Public college in South Carolina, US

Midlands Technical College is a public technical college with locations in the Richland, Lexington, and Fairfield counties of South Carolina. Midlands Technical College is the second largest technical college in the state with approximately 22,500 students.

== History ==
In 1947, the South Carolina Area Trade Schools (SCATS) Act established the South Carolina Area Trade School Columbia Campus to provide skilled and educated workers to meet the expanding labor needs of the community. In 1969, the school's name was changed to Columbia Technical Education Center (TEC), and it became part of the State Committee for Technical Education, which was responsible for guiding the state's technical programs. The site of the Columbia Technical Education Center is now the Airport Campus of Midlands Technical College.

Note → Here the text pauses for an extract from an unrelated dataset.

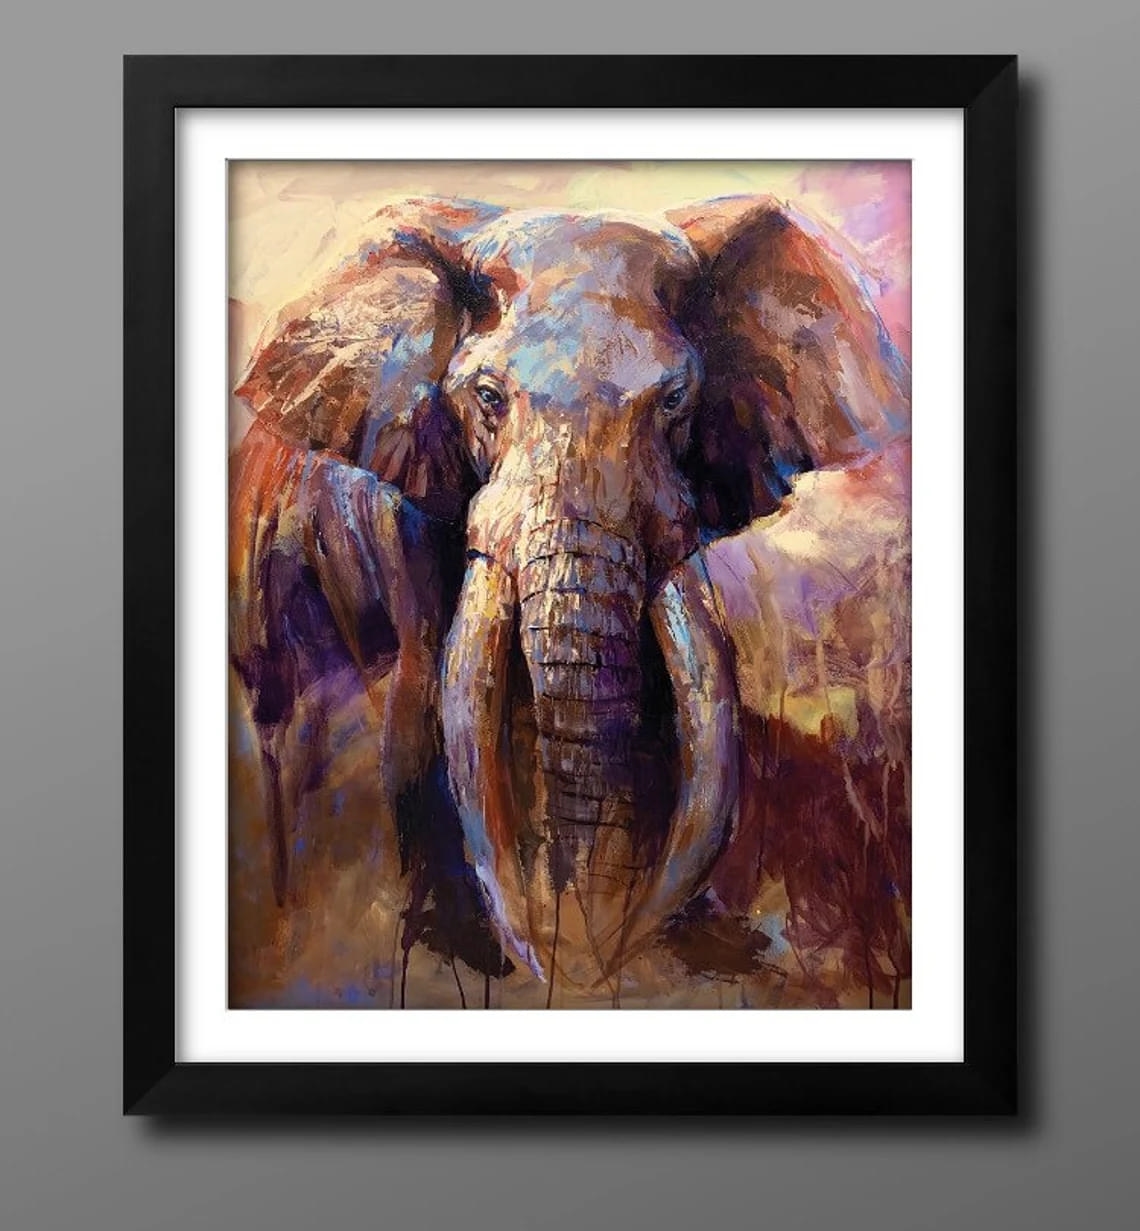 "The Great Tusker" - Elephant - Wildlife Artwork Sample on Wall

Richland Technical Education Center (Richland TEC) was established to provide specialized training for industrial growth, and the first students were enrolled in the fall of 1963. In 1969, the school enrolled 1,200 students, and Lexington County officials joined Richland County to form the Richland-Lexington Counties Commission for Technical Education. This partnership lead to the college changing its name to Midlands Technical Education Center (TEC).

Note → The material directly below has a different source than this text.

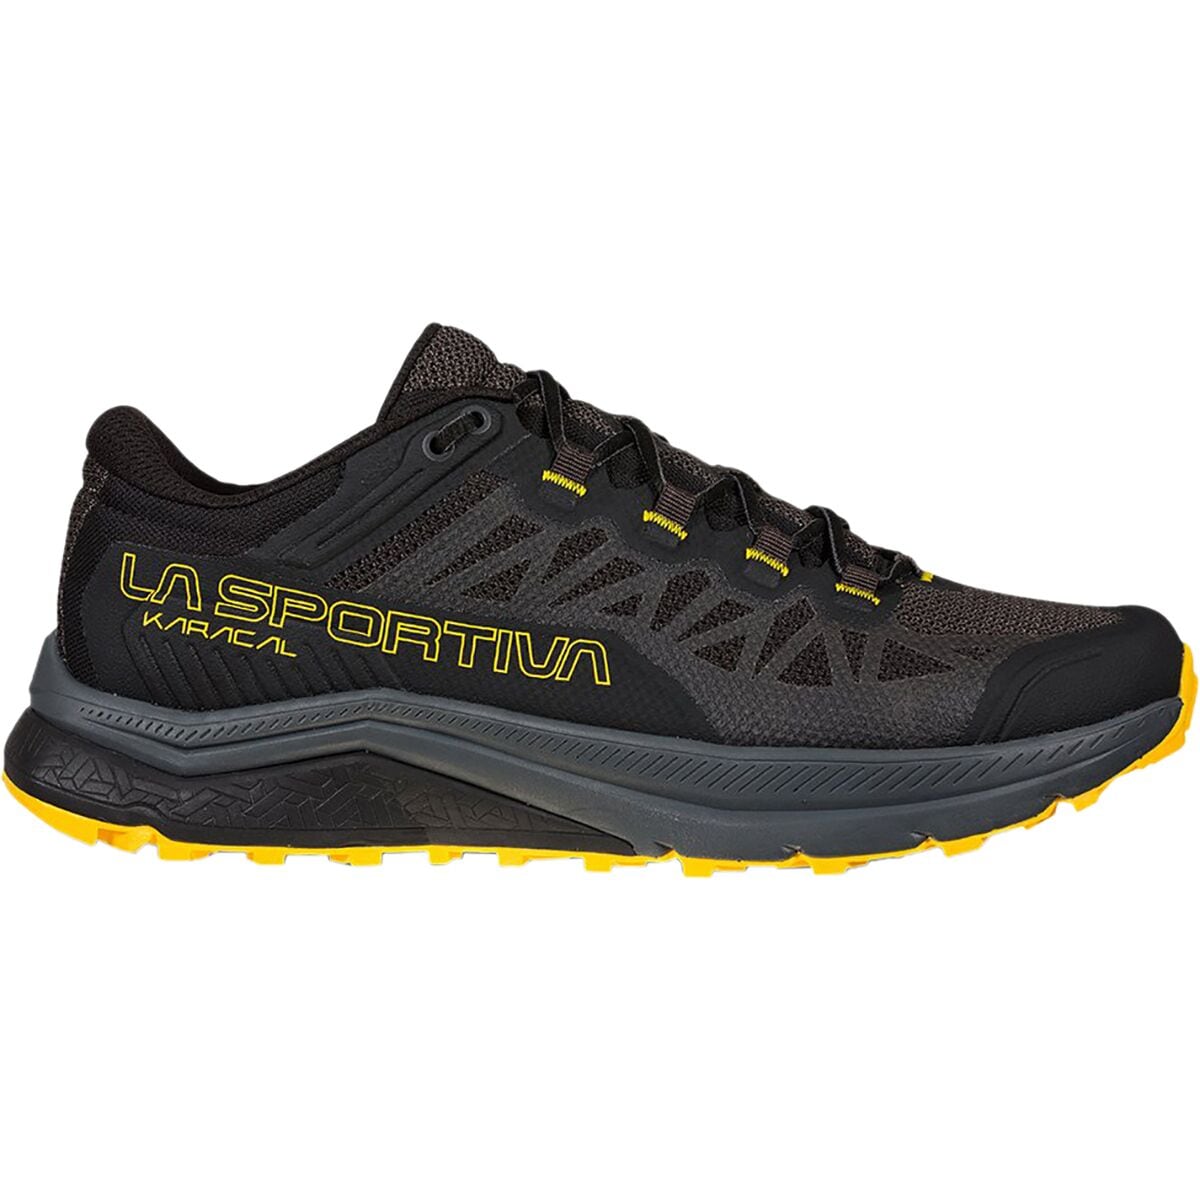 Karacal Trail Running Shoe - Men

Approximately 15,500 students were enrolled in Midlands Technical Education Center between the years 1969 and 1974. Major programs of study were offered in engineering technologies, business, and allied health. The site of the Midlands Technical Education Center is now the Beltline Campus of Midlands Technical College.

Palmer College in Columbia, a private business college, joined the State Tech Board in 1973. At that time, Palmer College annually enrolled 1,000 students in 16 associate degree and diploma programs. On March 21, 1973, the Columbia Technical Education Center, Midlands Technical Education Center, and Palmer College in Columbia merged to form a single, multi-campus college. This new college operated as three separate entities governed by one local commission through June 1974. On July 1 of that year, the three separate institutions merged to form Midlands Technical College under the guidance of the Richland-Lexington Counties Commission for Technical Education.

== Campuses ==
Midlands Technical College has six campuses:
- Airport Campus, located at 1260 Lexington Dr., West Columbia, SC, covers 65 acre, consisting of 15 buildings
- Beltline Campus, located at 316 South Beltline Blvd. Columbia, SC, consists of 12 buildings. It is currently the only campus where both industrial and engineering technology classes are offered.
- Fairfield Campus, located at 1674 Hwy 321 North Business, Winnsboro, SC.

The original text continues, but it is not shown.